CLERMONT — In the 1960s and '70s, the British Invasion included more than the Beatles and a new style of music. A fresh, irreverent type of comedy was unleashed by six young men who performed as Monty Python.
That comedy, with its non-sequiturs, absurd situations and liberated nonsense, influenced comedy in the U.S. from "Saturday Night Live" to "The Simpsons" and "South Park."
But the Pythons, as they were called, weren't a flash in the pan. At 8 p.m. Friday, Sept. 6, a musical, three-time Tony Award winner "Monty Python's Spamalot," will open at the Moonlight Players Warehouse Theater.
Andre Provencher plays King Arthur.
"I didn't get the humor when I first saw the movies as a child," Provencher said. "But now I love just being so off-the-wall and quirky. Eric Idle's forte is wordplay, like, 'Tonight' the night when all my knights unite.' "
Original Python Idle wrote the book, the lyrics and collaborated on the music, with John Du Prez and Neil Innes.
Director Tom Kline has pulled out all the stops.
First, he drove to Miami to bring back the theater's first connected seats (replacing stacking banquet chairs), then he made a deal to have every type of Spam delicacy served in the lobby — including Spam, cream cheese and raspberry jam on toast points. And the theater will offer Monty Python's Holy Grail, which has the "G" and "r" crossed out.

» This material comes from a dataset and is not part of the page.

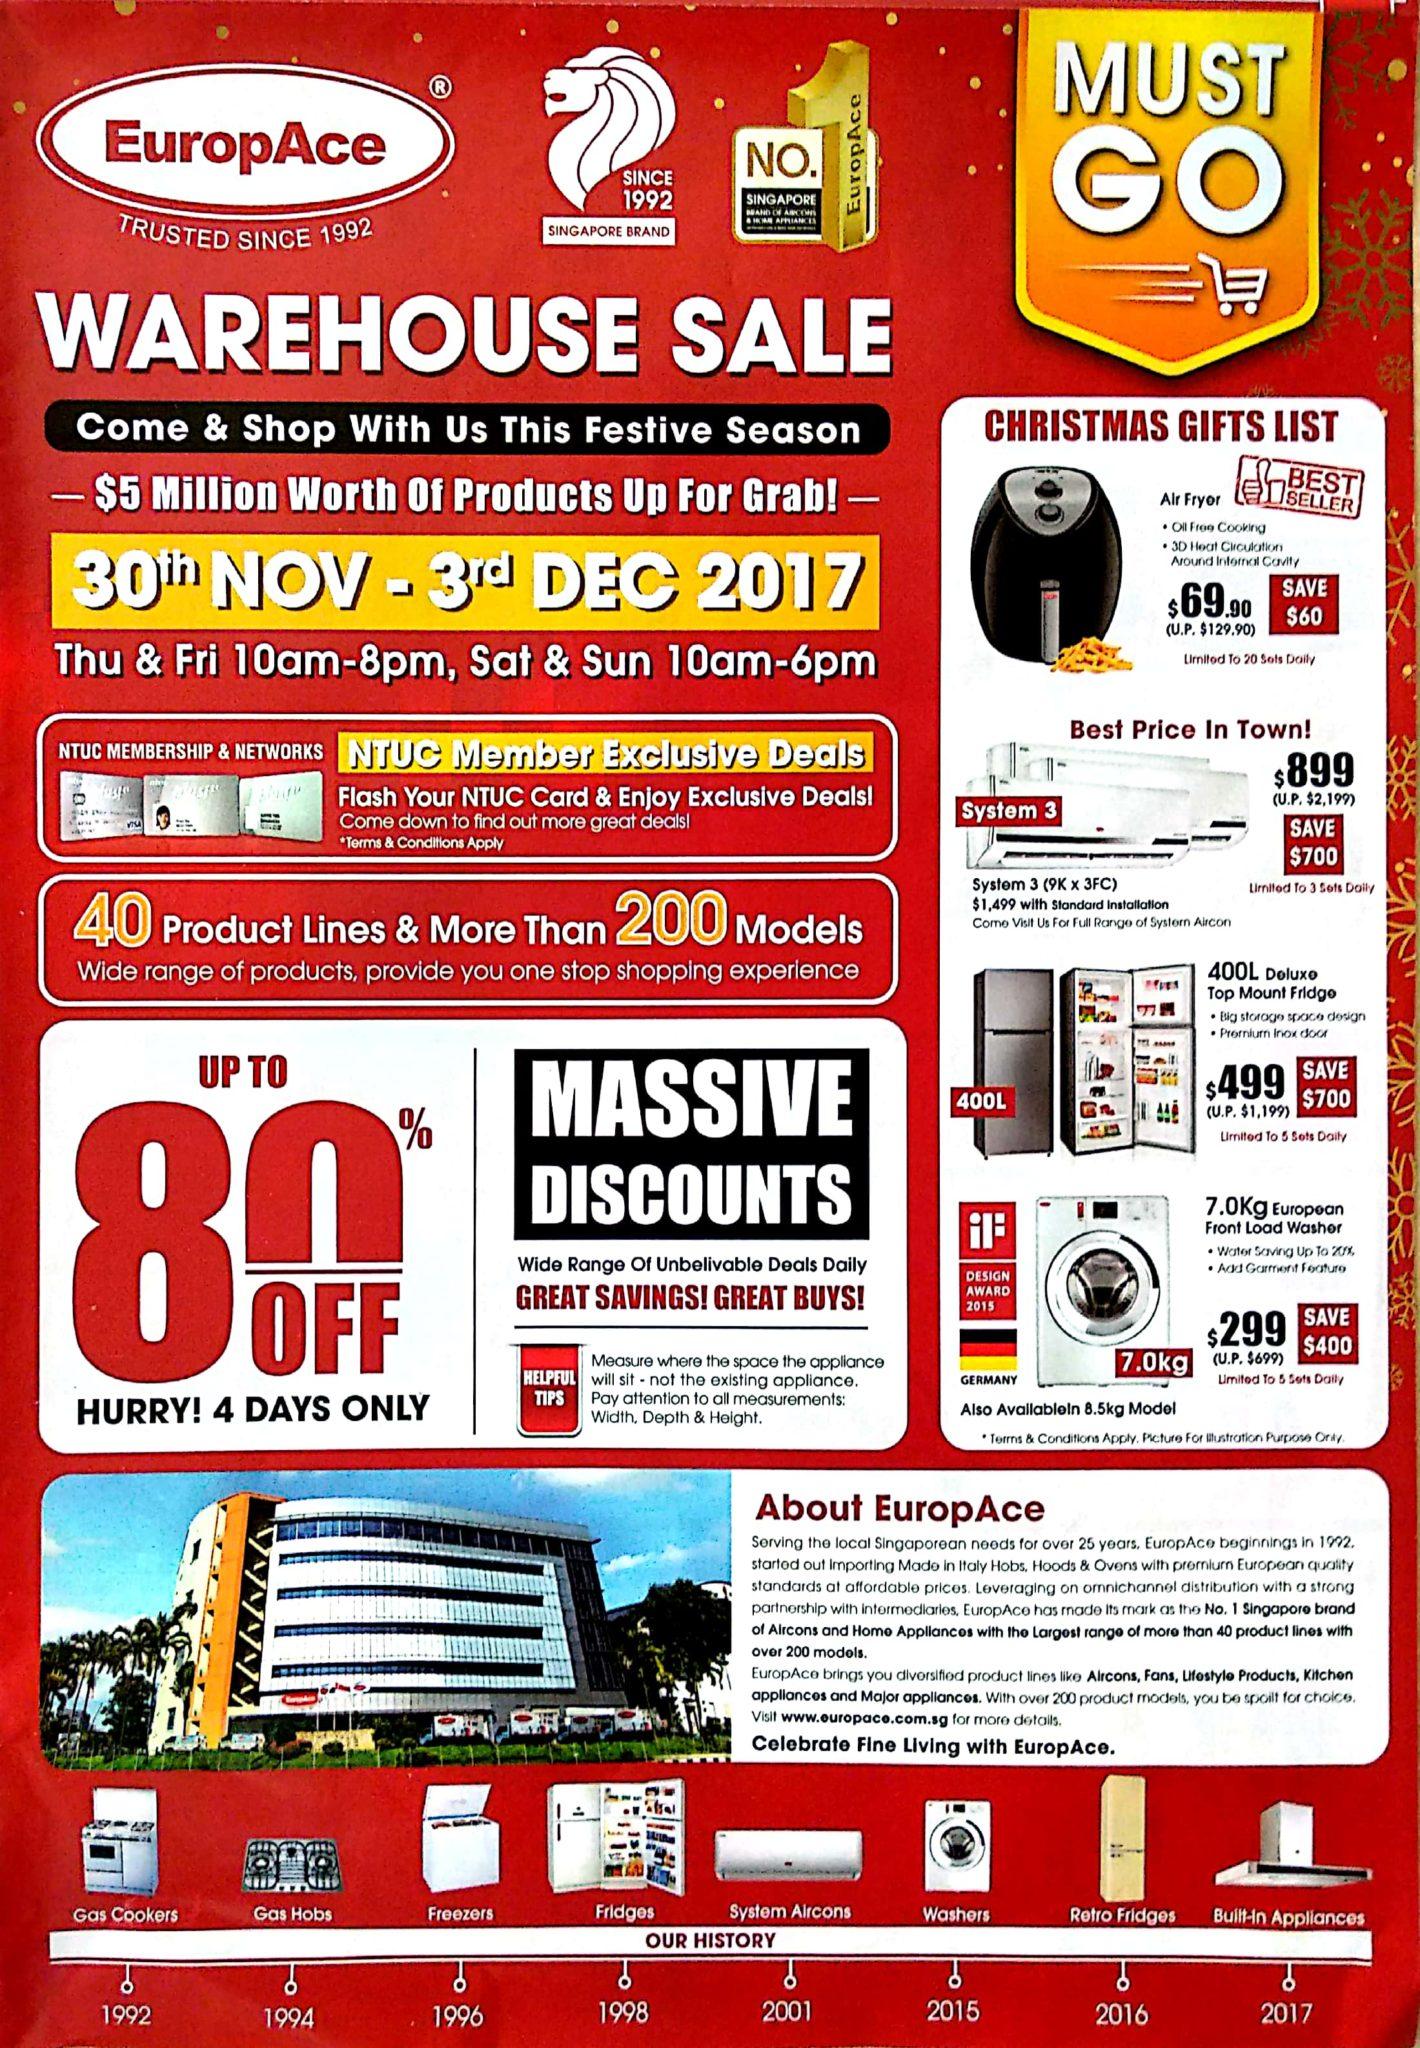 EuropAce Warehouse Sale | 30 Nov - 3 Dec 2017 | Brochure pg1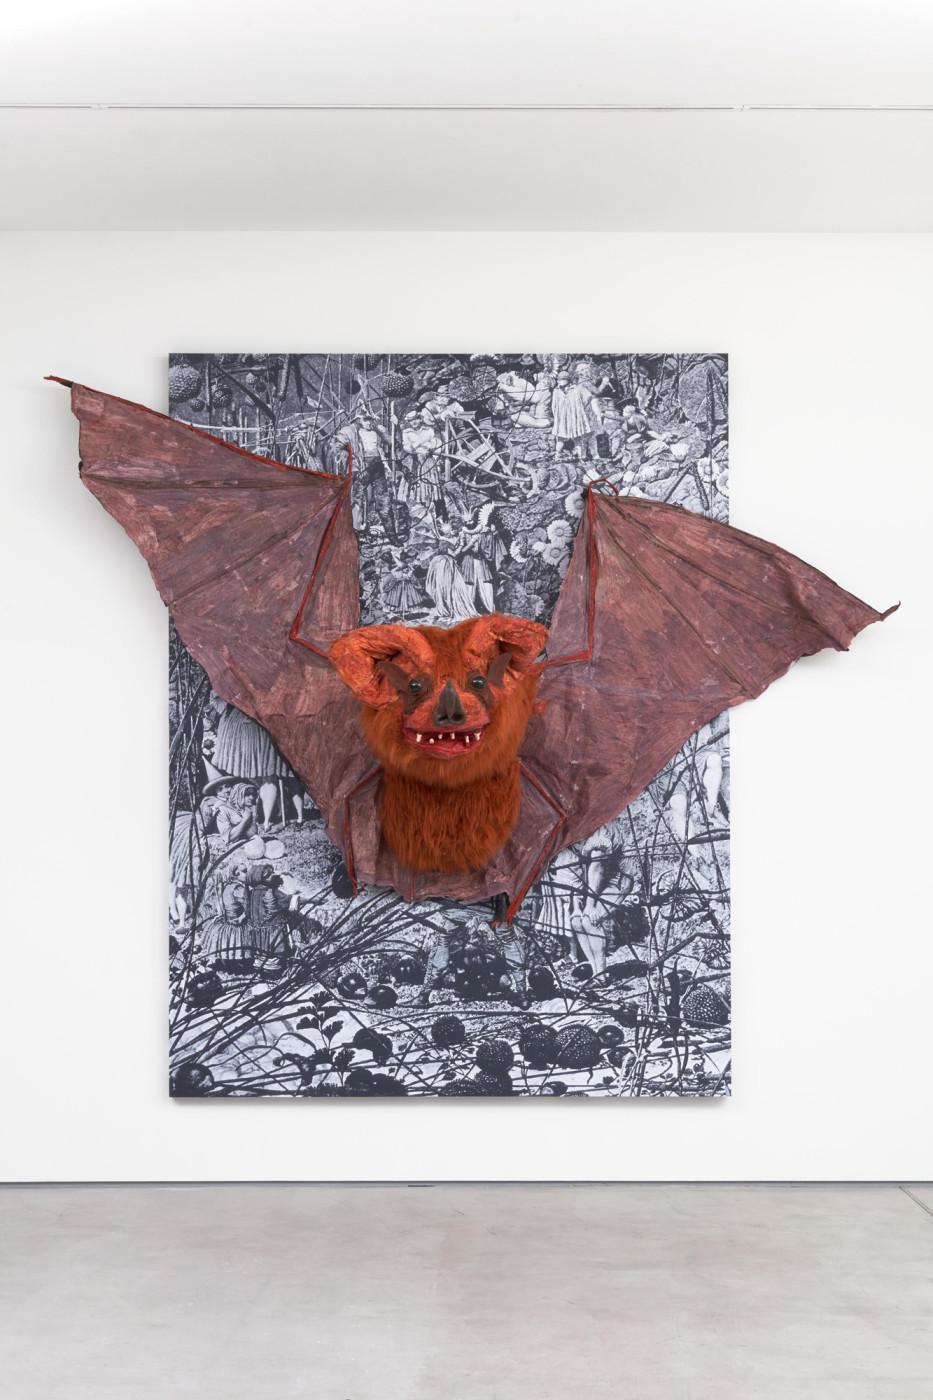 "<div class=""artwork_caption""><div class=""title""><em>Bat</em>, 2018</div><div class=""medium"">photocopies, wood, latex, fabric, paint</div><div class=""dimensions"">280 x 319 x 106 cm</div><div class=""dimensions"">110 ¼ x 125 ⅝ x 41 ¾ in.</div></div>"

"We will have a pre-show," Kline said. "Python fans should come early."
There is more. Anyone who puts on the musical can't vary from the script, which means he had to construct a Bring-out-your-dead cart, paying $80 for its wheels alone, build a giant Trojan Rabbit and find 18 foam fish.
The production also boasts a fog machine, confetto cannons, exploding torches and a catapult that tosses a life-size cow.
"This is the most prop-heavy show I've ever been involved in," Kline said.
He underscores the musical may not be everyone's cup of tea.
"There is nothing, no ethnicity, no characteristic, nothing they don't make fun of," he said.
The play will continue at the Moonlight Players Warehouse Theatre, 732 B W. Montrose St., through Oct. 6.
Performances begin at 8 p.m. Friday and Saturday and 2 p.m. Sunday.
Tickets are $15 and $12 for students.